Only an exact repeat of the listing, without its images, counts as the answer.

Given data:
┌──

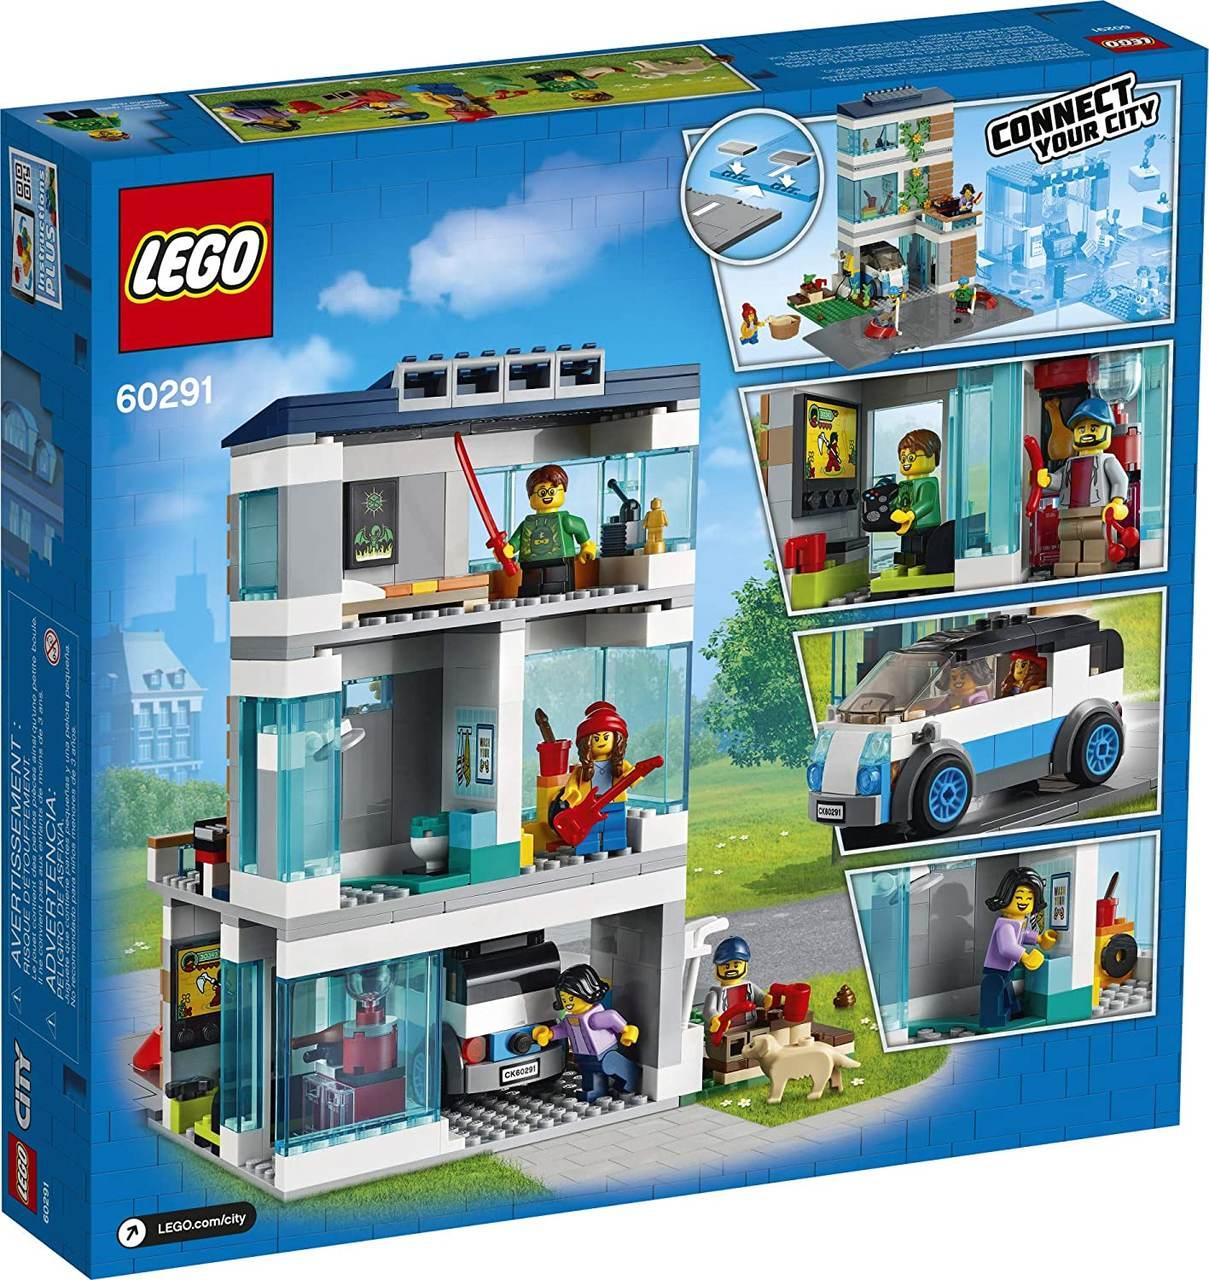 Lego City 60291 - Casa De Família Moderna 388 peças
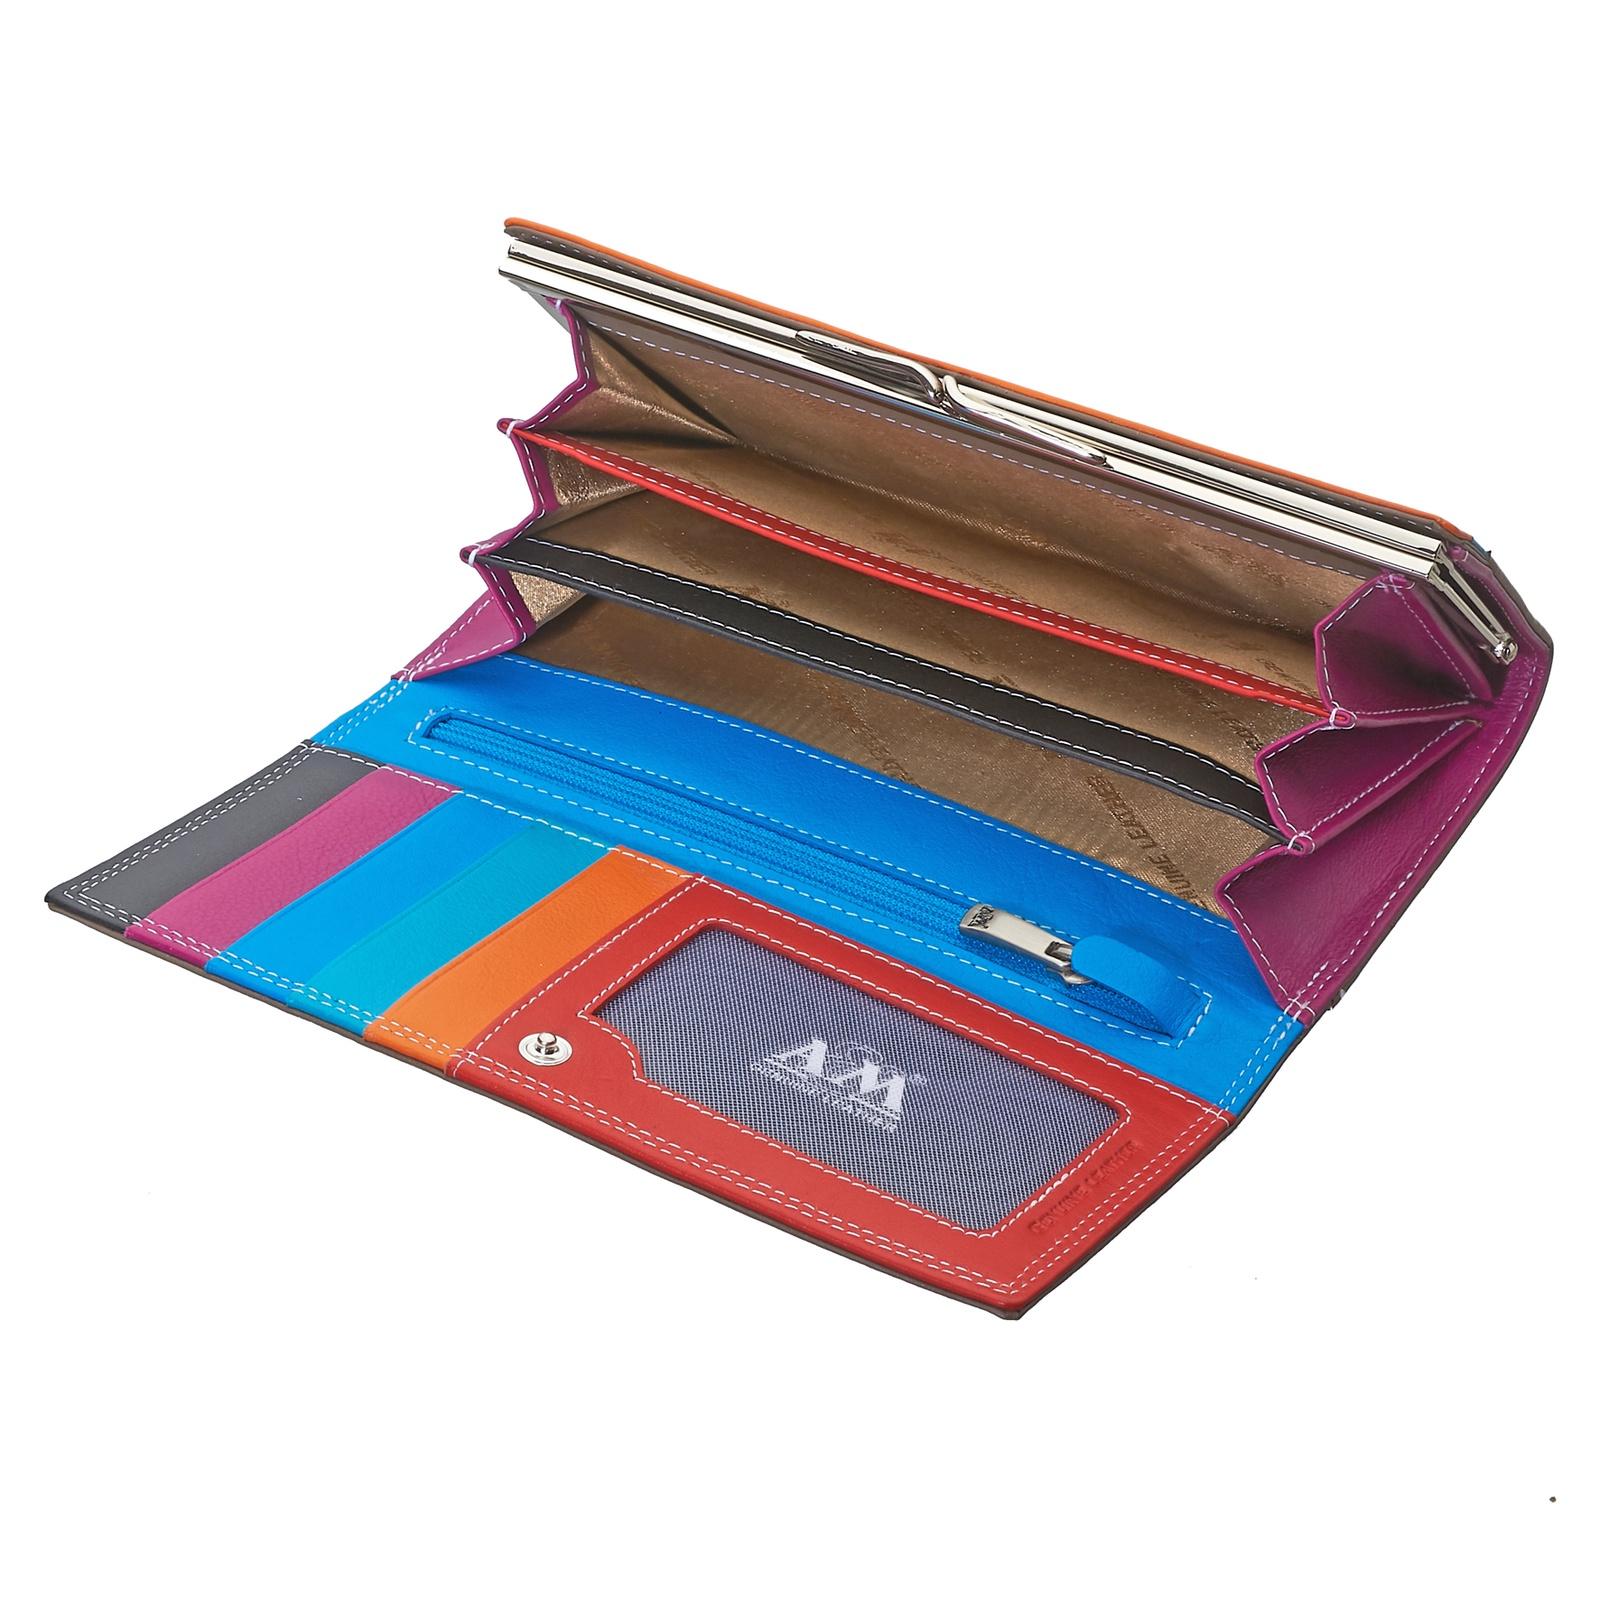 Портмоне A&M женское, 2701multi, красный, оранжевый, голубой, бежевый, красный, оранжевый
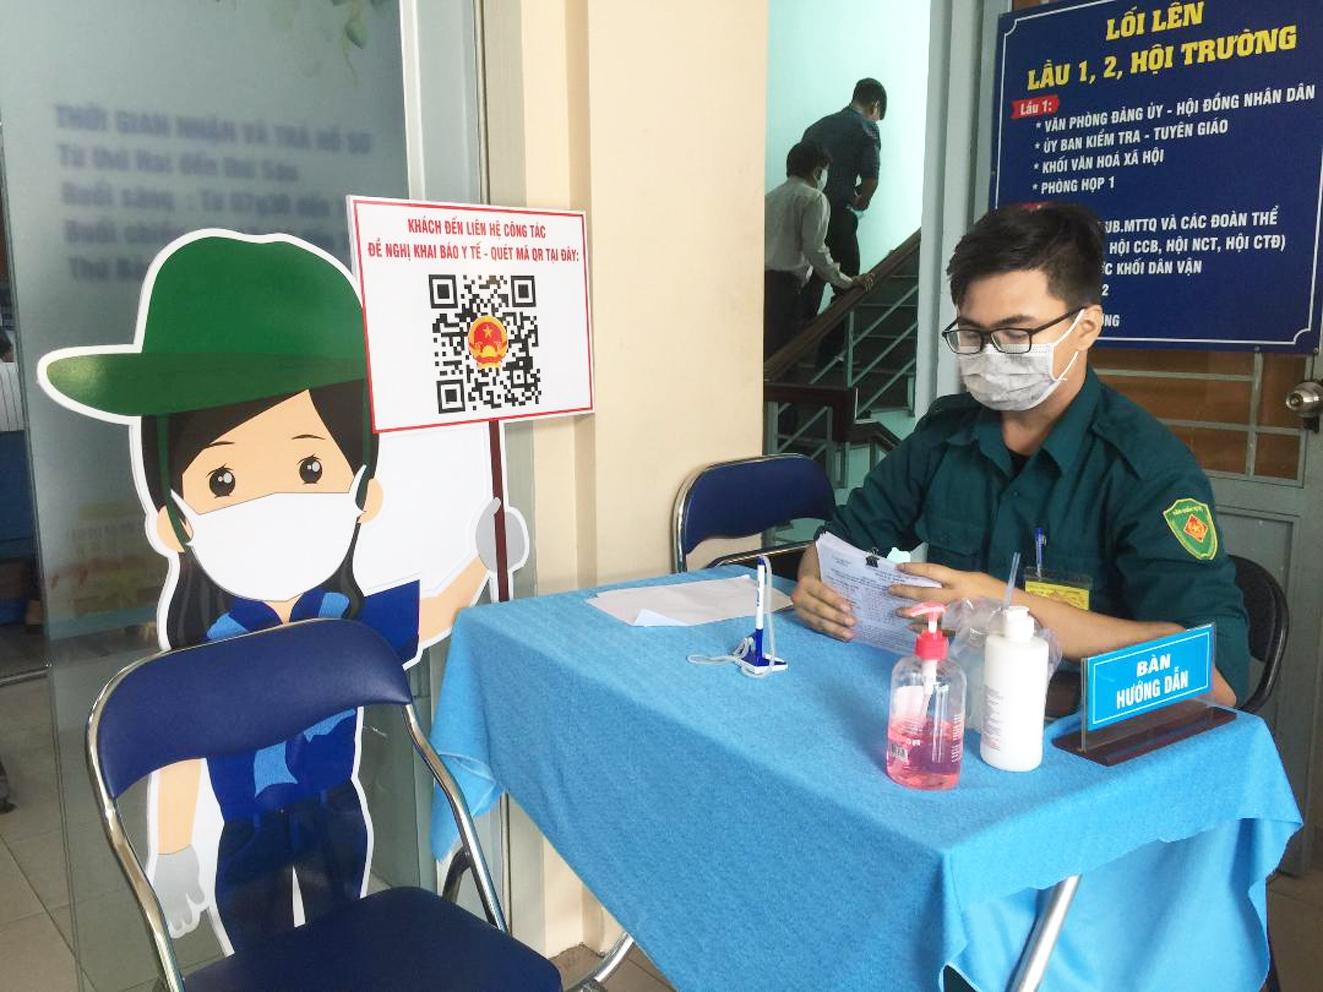 Các bạn trẻ tình nguyện tham gia hỗ trợ công tác phòng, chống dịch ở nhiều nơi tại TP.HCM
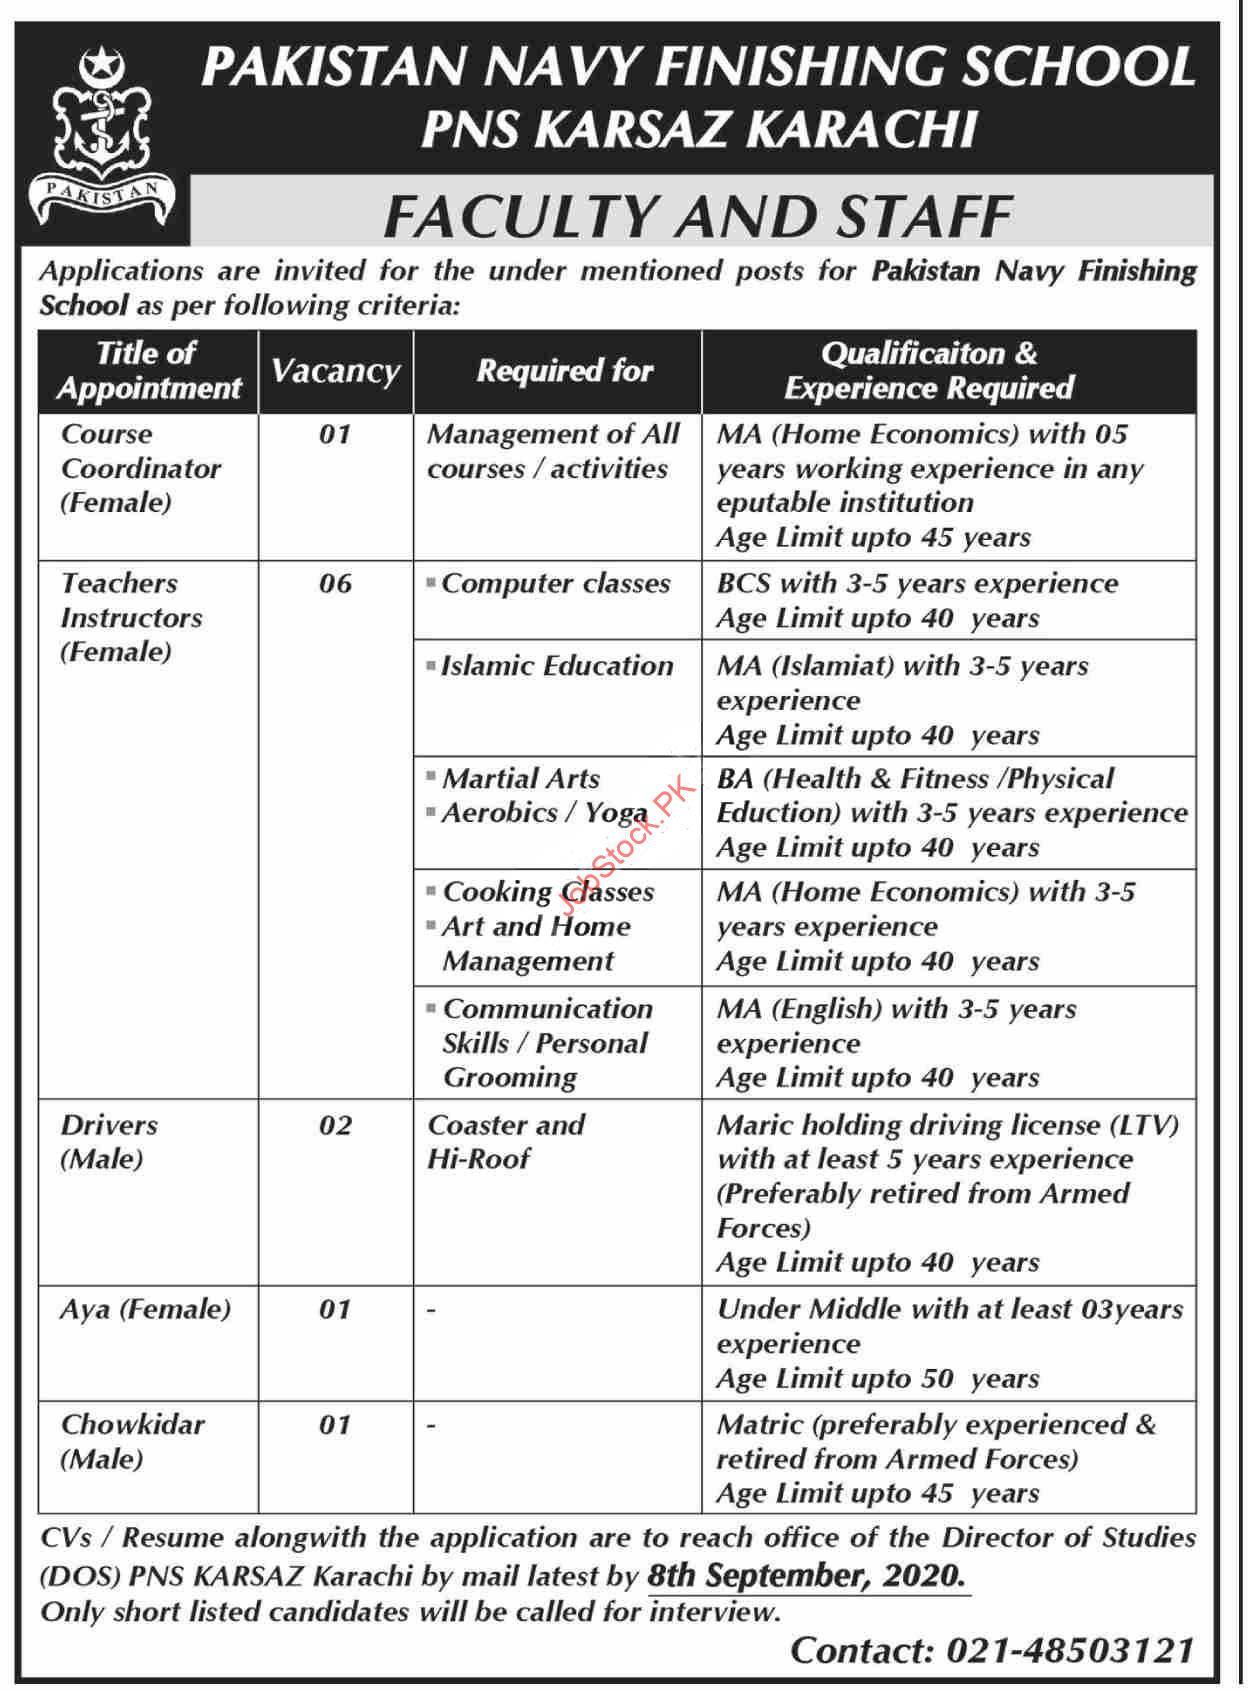 Pakistan Navy Finishing School Karachi Jobs 2020

└──

Your solution:
 Lego City 60291 - Casa De Família Moderna 388 peças
 Портмоне A&M женское, 2701multi, красный, оранжевый, голубой, бежевый, красный, оранжевый
 Các bạn trẻ tình nguyện tham gia hỗ trợ công tác phòng, chống dịch ở nhiều nơi tại TP.HCM
 Pakistan Navy Finishing School Karachi Jobs 2020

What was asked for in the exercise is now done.